Adams wouldn’t say where migrants would go, but WGRZ reported in February that the Erie County executive’s office has discussed the possibility. And some migrants will be going to the Catskills in Sullivan County. The city is launching a pilot program for about 100 asylum-seekers to live at the SUNY Sullivan campus in the town of Fallsburg and receive workforce training. 

The resettlement effort – still in “the early stage,” according to City Hall  – could put Adams in a political sticky spot. His hesitancy to name the destinations alludes to the anti-immigrant pushback that local governments welcoming asylum-seekers could receive. And while the Adams administration says it’s hoping to provide services and set up these immigrants to the United States with a better life, there is at least an echo of the mayor’s own gripes about politicians like Texas Gov. Greg Abbott and El Paso Mayor Oscar Leeser sending migrants from the U.S.-Mexico border to New York – where they could have a better life. 

For another part of the plan, the Port Authority Bus Terminal in Midtown will no longer function as the primary destination for newly arrived asylum-seekers. A portion of the main floor has been cordoned off for months as a welcome center. The city plans to open a “24/7 Arrival Center” that will handle reticketing services, shelter intake, legal information, and coordinating medical care instead – centralizing services to one location, according to Adams. 

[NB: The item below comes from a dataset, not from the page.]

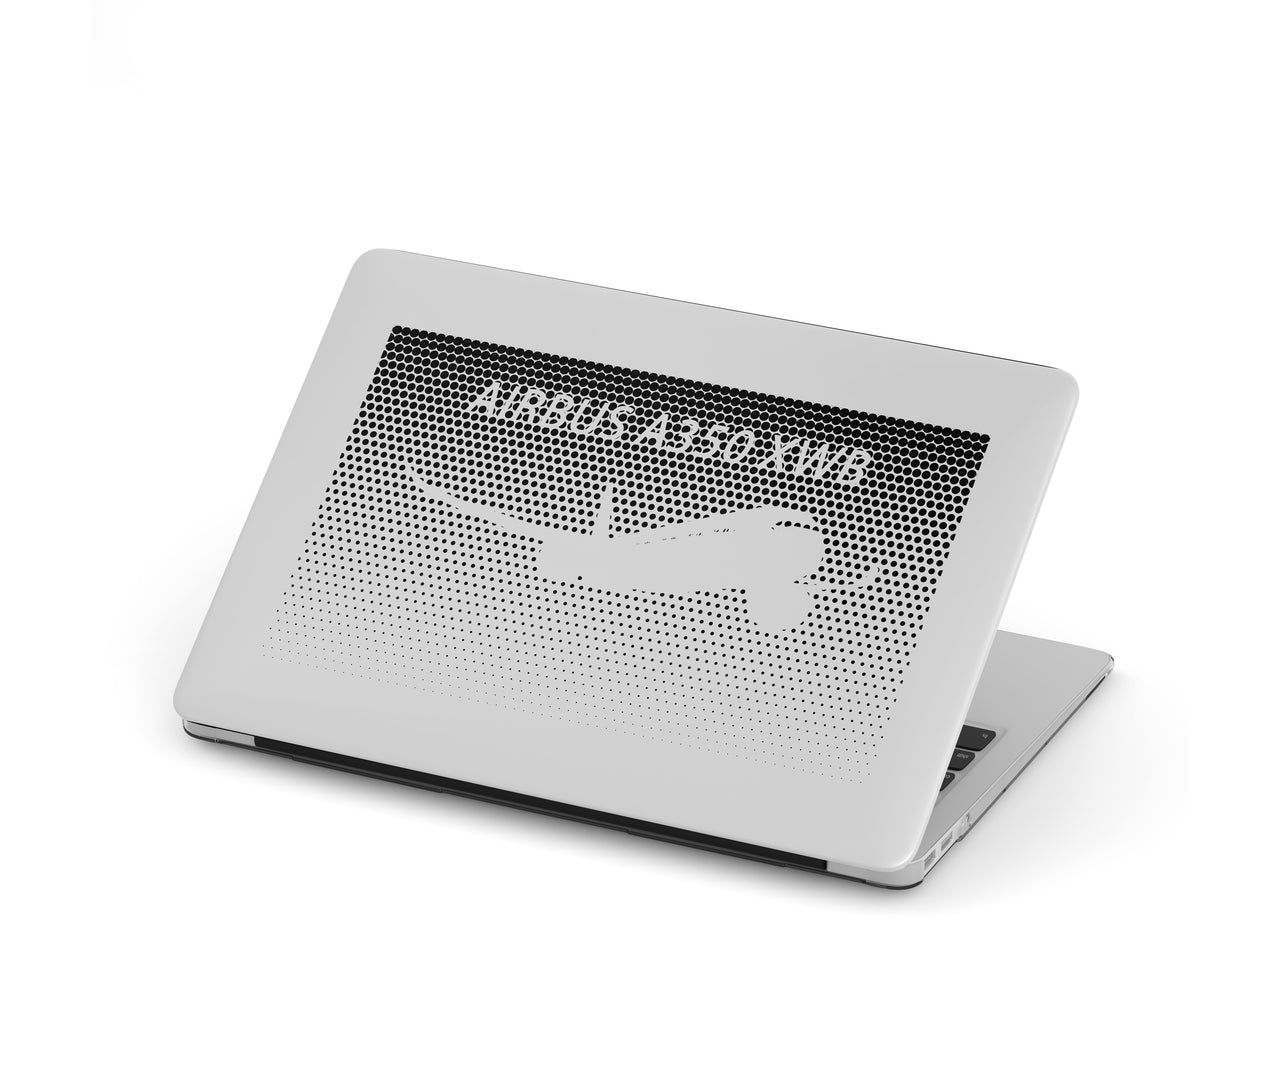 Airbus A350XWB & Dots Designed Macbook Cases

The mayor is also planning to centralize management, creating a new Office of Asylum-Seeker Operations. Within that office, City Hall named a number of ongoing issues that it hopes to make better plans for. That’s looking for ways to get more asylum-seekers legally working and earning money. And that’s providing legal assistance to support migrants’ immigration cases. City & State covered last month how difficult it has been for asylum-seekers to find legal assistance, with providers stretched beyond their capacity. 

Despite those struggles, Adams took a minute Tuesday to trumpet the city’s response to the flow of low income migrants coming from Latin America. 

“That’s unimaginable that you could spend months making your way here to a country where others have tossed you to the side,” Adams said, addressing an asylum-seeker from Venezuela named Abraham who joined the press conference at City Hall. “Others did not give you the basic opportunity to participate in the American dream. But New York did. And the men and women behind me played that role with a full government approach.”